During operation, a total current flows through each of the two coils 2 and 3, caused on one side by a direct current source 5 and a galvanically separated alternating voltage source 4. In this case, the direct current source 5 is connected to the closed circuit in parallel and according to the connected coils and causes them current flowing counter-in one coil 3 from the beginning to the end, and in the other 2 from the end to the beginning. The AC voltage source 4 is connected to parallel and according to the connected coils 2 and 3 and causes a consonant alternating current in them. Thus, in one half-cycle in the first coil 3, the currents are added, and in the second they are subtracted. In the second half-cycle, the pattern of the flow of currents in the coils changes to the opposite. In this case, the currents in coils 2 and 3, ceteris paribus, vary from zero to maximum with the frequency of the AC voltage source 4 and are always directed in the opposite direction. Counter counter currents of coils 2 and 3 also cause counter counter magnetomotive forces (MDS). The current in the coils from the DC source 5 provides such an MDS that causes induction B _δ in the gaps δ of the poles of the inductor 1, equal to half the saturation value of steel B _max , which provides induction in the central section of the section of the armature core 6 located between the poles of the inductor 1, equal to zero. The total currents in the coils cause the cross-section of the armature 6 with zero induction to move alternately from one pole to another pole of the inductor 1 with the frequency of the supply network (a vibrating magnetic field by analogy with a rotating magnetic field).

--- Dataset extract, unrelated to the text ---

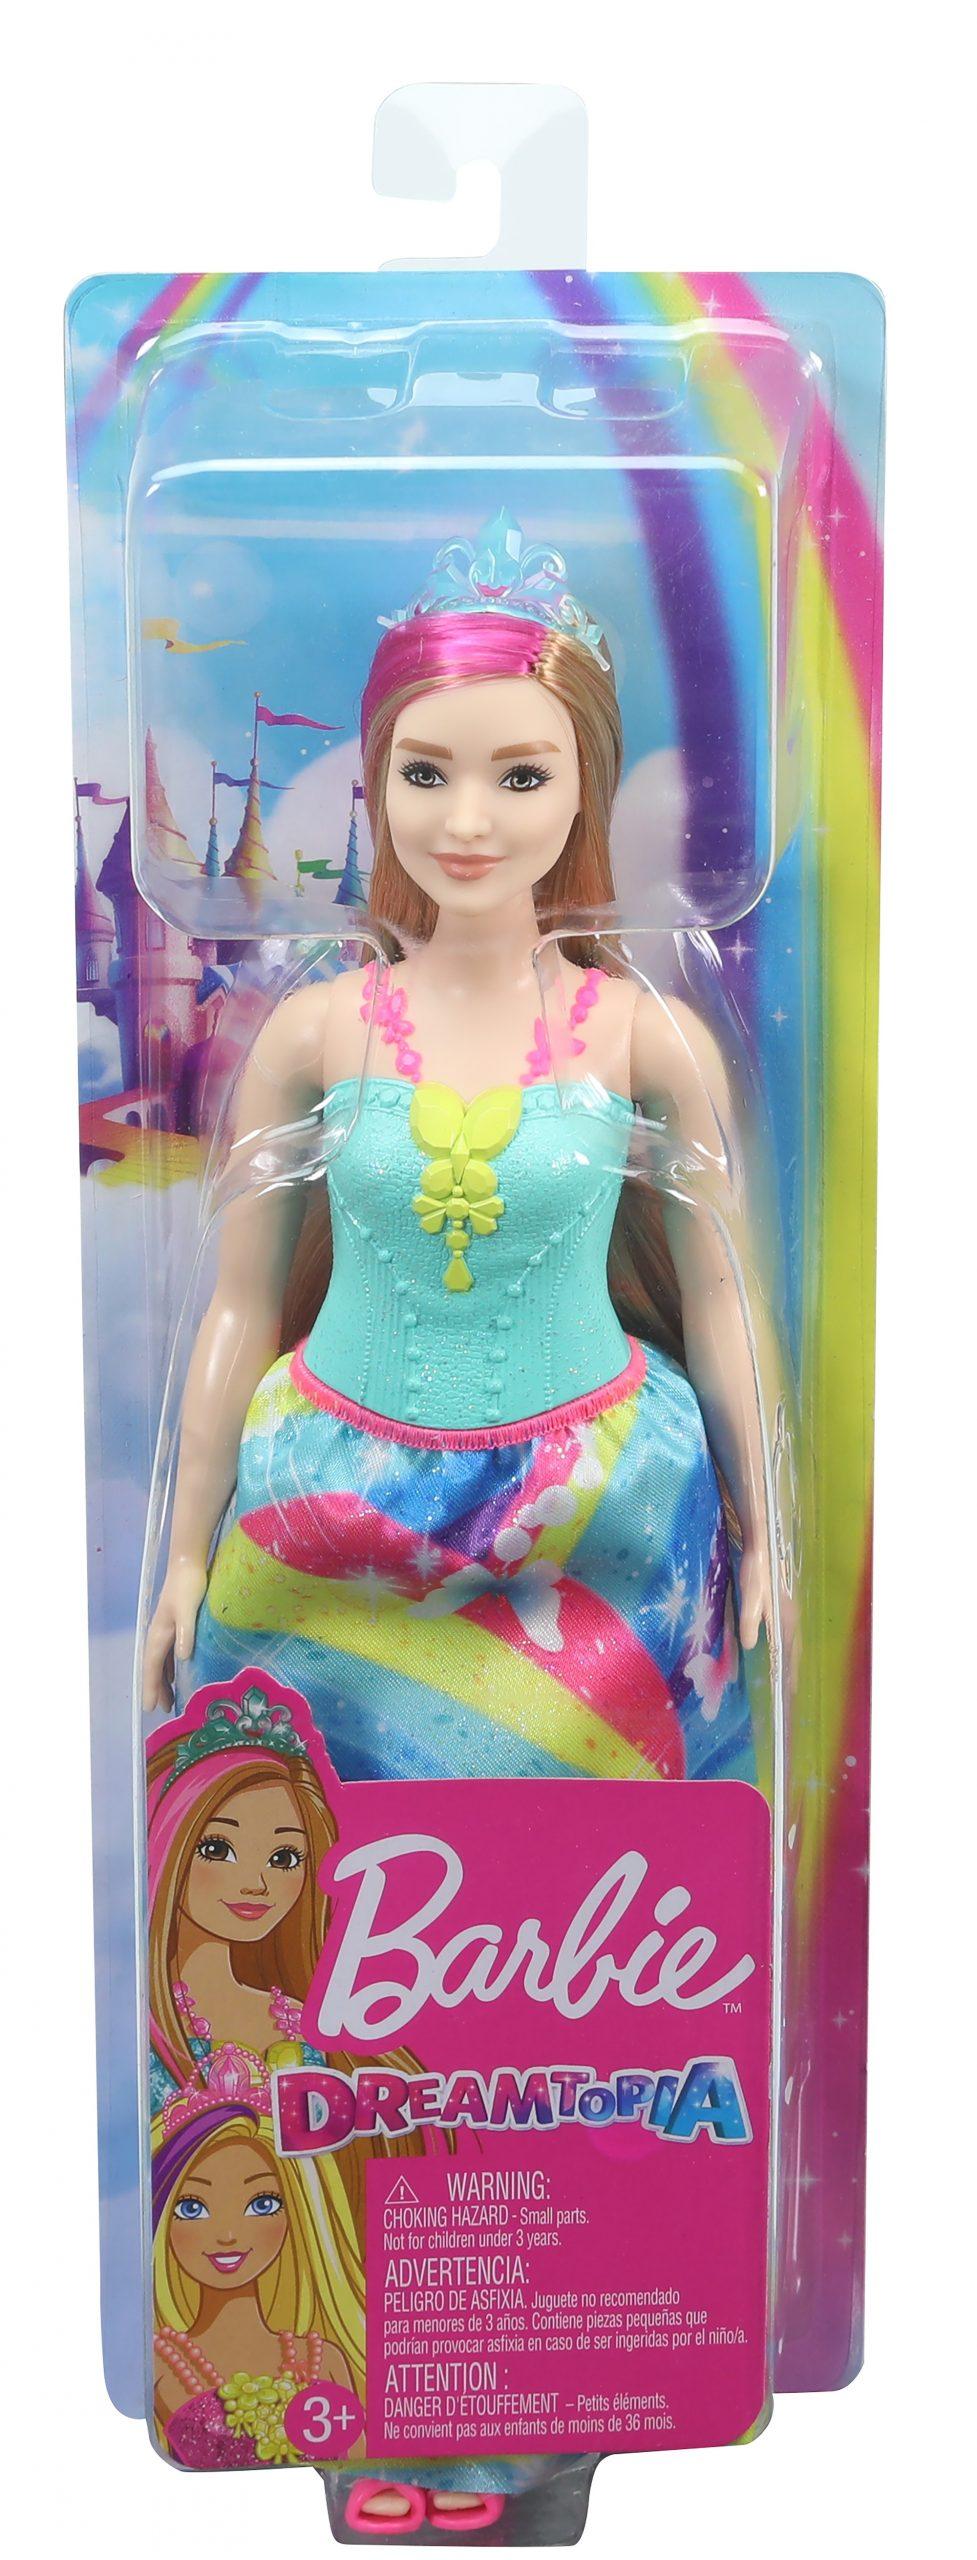 Barbie- dreamtopia bambola principessa bionda con ciocca rosa giocattolo per bambini 3+ anni - Barbie

The magnetic field of the armature winding can be created due to:
- special design of the magnetic core of the anchor 6, for example, of unmounted steel - an asynchronous vibration motor with a solid anchor;
- an additional winding of the armature, powered by a direct current source, - a synchronous vibration motor;
- additional winding of the armature connected to additional resistance or short-circuited; - asynchronous vibration motor with phase armature;
- an additional winding of the armature in the form of a short-circuited turn - an asynchronous vibration motor with short circuit anchor;
- and etc.

 The magnetic field of the armature winding, interacting with the vibrating field of the inductor, leads to the appearance of electromagnetic force on the armature. Depending on the type of vibroengine and on the ratio of the frequencies of the vibrating magnetic field of the inductor and the vibrating movement of the armature and the ratio of their phases, the braking force or driving force will act on the armature. In this case, voltages exceeding the supply voltage do not appear on the coils, and a decrease in the number of coils simplifies its design.

Sourse of information
1. Copyright certificate 828932, cl. H 02 K 33/12, issued 10/10/79 - prototype.

Claims (1)

 An electric motor containing an inductor with a coil in the form of coils connected to sources of direct and alternating current, and an armature, characterized in that the winding of the inductor includes a pair of coils connected in parallel with the alternating current source and in series with the direct current source, the latter ensuring their on-line switching by direct current.